Ping Jiang; Yoshiyuki Ishihara; Nobukatsu Sugiyama; Junji Oaki; Seiji Tokura; Atsushi Sugahara; Akihito Ogawa

doi:10.3390/s20030706

Depth Image-Based Deep Learning of Grasp Planning for Textureless Planar-Faced Objects in Vision-Guided Robotic Bin-Picking

Sensors (Basel). 2020 Jan 28;20(3):706. doi: 10.3390/s20030706.

Authors

Ping Jiang¹, Yoshiyuki Ishihara¹, Nobukatsu Sugiyama¹, Junji Oaki¹, Seiji Tokura¹, Atsushi Sugahara¹, Akihito Ogawa¹

Affiliation

¹ Corporate Research & Development Center, Toshiba Corporation, 1, Komukai-Toshiba-cho, Saiwai-ku, Kawasaki 212-8582, Japan.

Abstract

Bin-picking of small parcels and other textureless planar-faced objects is a common task at warehouses. A general color image-based vision-guided robot picking system requires feature extraction and goal image preparation of various objects. However, feature extraction for goal image matching is difficult for textureless objects. Further, prior preparation of huge numbers of goal images is impractical at a warehouse. In this paper, we propose a novel depth image-based vision-guided robot bin-picking system for textureless planar-faced objects.

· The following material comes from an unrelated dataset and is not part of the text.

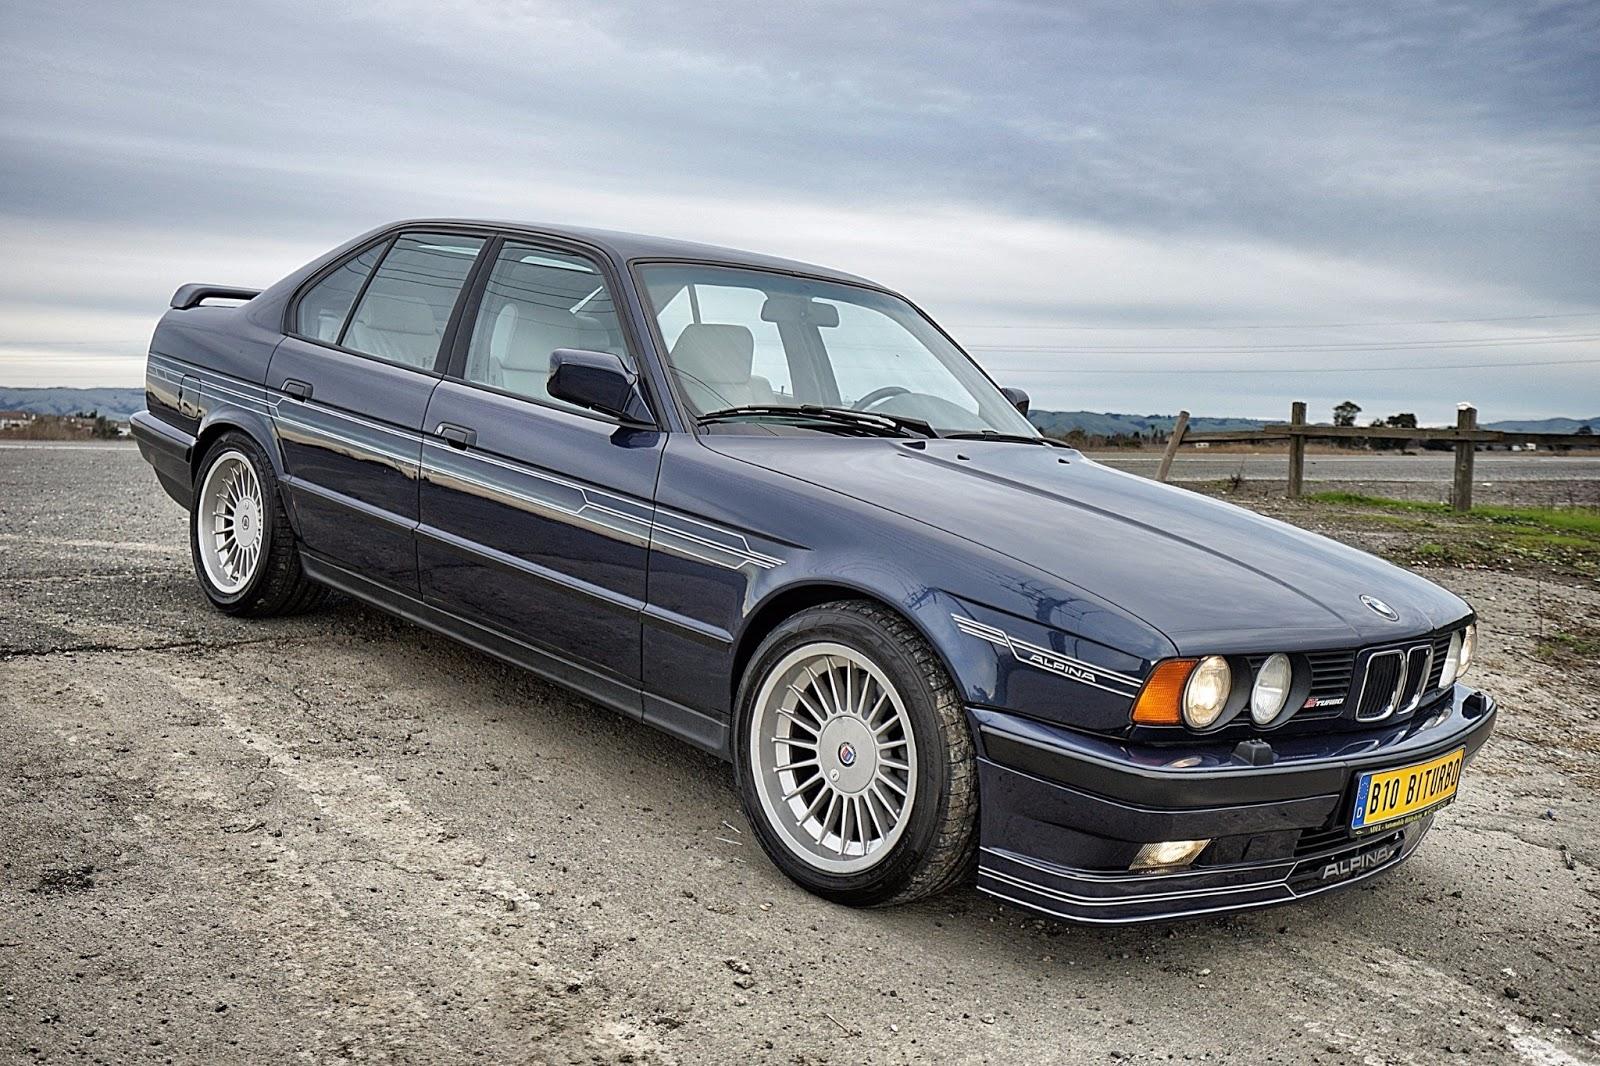 1990_B10_Bi-Turbo_26

Our method uses a deep convolutional neural network (DCNN) model that is trained on 15,000 annotated depth images synthetically generated in a physics simulator to directly predict grasp points without object segmentation. Unlike previous studies that predicted grasp points for a robot suction hand with only one vacuum cup, our DCNN also predicts optimal grasp patterns for a hand with two vacuum cups (left cup on, right cup on, or both cups on). Further, we propose a surface feature descriptor to extract surface features (center position and normal) and refine the predicted grasp point position, removing the need for texture features for vision-guided robot control and sim-to-real modification for DCNN model training. Experimental results demonstrate the efficiency of our system, namely that a robot with 7 degrees of freedom can pick randomly posed textureless boxes in a cluttered environment with a 97.5% success rate at speeds exceeding 1000 pieces per hour.

Keywords: bin picking; deep learning; grasp planning; textureless; visual servoing.